Access types supported efficiently.
- Point query: records with a specified value in the attribute
- Range query: or records with an attribute value falling in a specified range of values

支持点查以及范围查询。

Access time
Insertion time
Deletion time
Space overhead

Ordered Indices¶

Primary index(主索引): in a sequentially ordered file, the index whose search key specifies the sequential order of the file.
- Also called clustering index(聚集索引)
- The search key of a primary index is usually but not necessarily the primary key.
Secondary index(辅助索引): an index whose search key specifies an order different from the sequential order of the file.

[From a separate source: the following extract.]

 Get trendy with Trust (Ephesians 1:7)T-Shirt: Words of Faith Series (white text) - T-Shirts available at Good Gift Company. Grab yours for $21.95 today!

Also called non-clustering index
Index-sequential file(索引顺序文件): ordered sequential file with a primary index.

主索引只能有一个，其他都是辅助索引。

Example

Dense Index Files¶

Dense index(稠密索引) - index record appears for every search-key value in the file.

每一个 search-key 都要出现在文件里。

图一是以 ID 为主索引来搜索，图二是以 dept_name 为主索引来搜索。

Sparse Index Files¶

Sparse index(稀疏索引) - contains index records for only some search-key values.

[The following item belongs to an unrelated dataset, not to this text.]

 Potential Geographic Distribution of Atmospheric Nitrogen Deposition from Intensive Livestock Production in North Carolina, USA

Good tradeoff: sparse index with an index entry for every block in file, corresponding to least search-key value in the block.

Multilevel Index(多级索引)¶

对索引再次建立索引，类似 B+ 树。

B+ Tree Index Files¶

All paths from root to the leaf are of the same length
Inner node(not a root or a leaf) between \(\lceil n/2 \rceil\) and \(n\) children
Leaf node between \(\lceil (n-1)/2 \rceil\) and \(n-1\) values
Special cases:
- If the root is not a leaf: at least 2 children
- If the root is a leaf: between \(0\) and \(n-1\) values

数据库中B+ 树一般一个叶子结点就是一个块的大小，即 4KB.

Observations about B+ Trees¶

Since the inter-node connections are done by pointers, "logically" close blocks need not be "physically" close.
The non-leaf levels of the B+ tree form a hierarchy of sparse indices.
The B+ tree contains a relatively small number of levels
- Level below root has at least \(2 * \lceil n/2 \rceil\) values
- Next level has at least \(2 * \lceil n/2 \rceil * \lceil n/2 \rceil\) values
- ..etc.

如果文件中有 \(K\) 个索引项，那么树的高度不会超过 \(\lceil \log_{\ceil n/2 \rceil}(K/2) \rceil + 1\)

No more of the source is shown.